Klinische Studien zählen weiterhin zu den teuersten und langsamsten Phasen der Arzneimittelentwicklung. KI wird auf langjährige Schmerzpunkte wie Rekrutierung, Bindung (Retention) und Sicherheitsüberwachung von Patientinnen und Patienten angewendet. Regulierungsbehörden erhalten zunehmend strukturierte und unstrukturierte Gesundheitsdaten – etwa elektronische Gesundheitsakten und Bildgebung –, die sich mit traditionellen Methoden nur schwer harmonisieren lassen. KI-Modelle können diese unterschiedlichen Datentypen aufnehmen, um genauere Eignungsprofile zu erstellen und das Abbruchrisiko vorherzusagen – und damit zwei der stärksten Prädiktoren für Studienmisserfolg anzugehen.

Algorithmen des maschinellen Lernens können Bildgebungsdaten und Real-World-Evidence (Real-World Evidence) analysieren, um Sicherheitssignale früher als konventionelle Methoden zu erkennen und so proaktive Strategien zur Risikominderung zu ermöglichen. Diese prädiktiven Erkenntnisse können sowohl die Durchführung als auch die regulatorische Strategie informieren.
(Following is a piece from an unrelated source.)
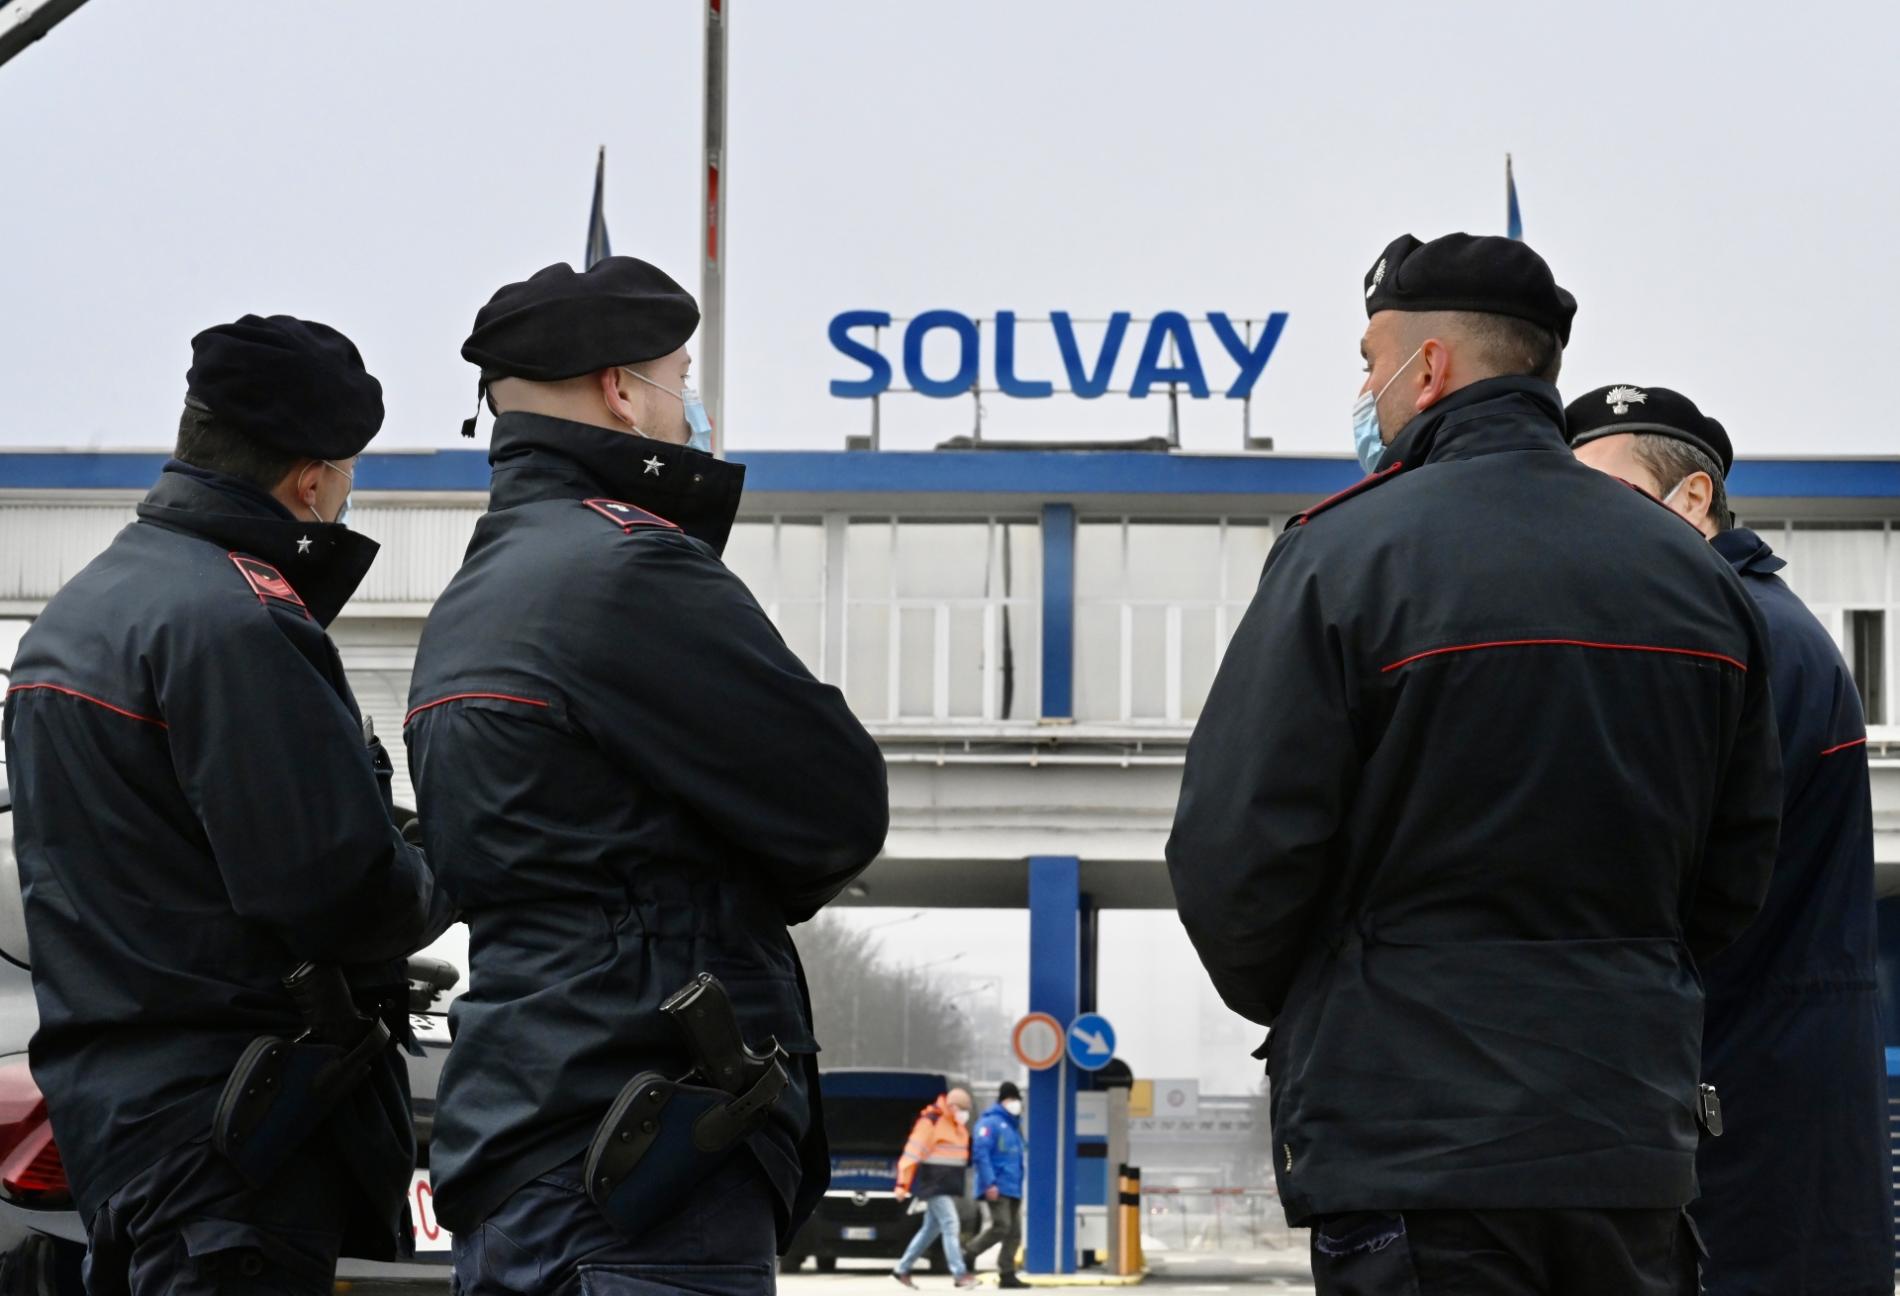 Solvay e la chiusura dell’inchiesta: “Le imputazioni appaiono ridimensionate”

Unternehmen prüfen generative KI, um klinische Studienberichte und Teile regulatorischer Einreichungen zu entwerfen – eine Aufgabe, die historisch Tausende Stunden manueller Zusammenstellung und Redaktion umfasste. Ziel ist nicht, menschliche Expertinnen und Experten zu ersetzen, sondern wiederkehrende Arbeit zu reduzieren und Einreichungszeiträume zu verkürzen, ohne die Stringenz zu beeinträchtigen.

Thermo Fisher Scientific's klinischer Forschungsbereich PPD hat sich mit Datavant in einem Projekt zusammengeschlossen, um die Verbindung zwischen Real-World-Data (Real-World Data) und klinischer Forschung zu verbessern. Die Initiative konzentriert sich auf eine sichere Datenverknüpfung – mit besonderem Schwerpunkt auf dem Schutz der Privatsphäre von Patientinnen und Patienten – und darauf, Interoperabilität sicherzustellen, sowie auf eine Verbesserung der Analytik, um ein effizienteres Studiendesign und eine schnellere Evidenzgenerierung über den gesamten Forschungslebenszyklus hinweg zu unterstützen. Die Allianz wird PPDs Plattformen für klinische Studien und Patientenregister mit Datavants Tokenisation-Technologie kombinieren, die Patientendaten de-identifiziert und es ermöglicht, Informationen aus elektronischen Gesundheitsakten sicher einzubinden.

Die Anwendung von KI in der Arzneimittelentwicklung begann nicht erst mit Studien; sie startete in der Wirkstoffforschung. Werkzeuge der computergestützten Chemie, die Chemikerinnen und Chemiker früher bei Modellierung und Simulation unterstützten, agieren zunehmend autonom. KI übernimmt inzwischen jeden Schritt der Wirkstoffforschung – von der Target-Auswahl bis zur Optimierung – und nutzt Mustererkennung, um deutlich schneller als traditionelle, laborbasierte Methoden aussichtsreiche Kandidaten vorzuschlagen.

Big-Tech- und Hardware-Akteure drängen in diese Workflows und verwischen die Grenzen zwischen IT und Life Sciences. Nvidia und Eli Lilly kündigten ein Co-Innovation-Lab an, um die Wirkstoffforschung voranzutreiben. Auch Googles Forschungsbereich nutzt Gemma-KI-Modelle zur Entdeckung von Krebstherapien und zeigt damit, wie Large-Language- und generative Modelle biologische Signalwege analysieren und neue therapeutische Hypothesen vorschlagen können.

KI ist nicht länger eine Nischenhilfe für die frühe Forschung und Entwicklung. Sie entwickelt sich zu einem durchgängigen operativen Ökosystem, das Patientenselektion, Sicherheitsüberwachung, Dokumentationserstellung, Studienlogistik und die Interaktion mit Regulierungsbehörden unterstützt.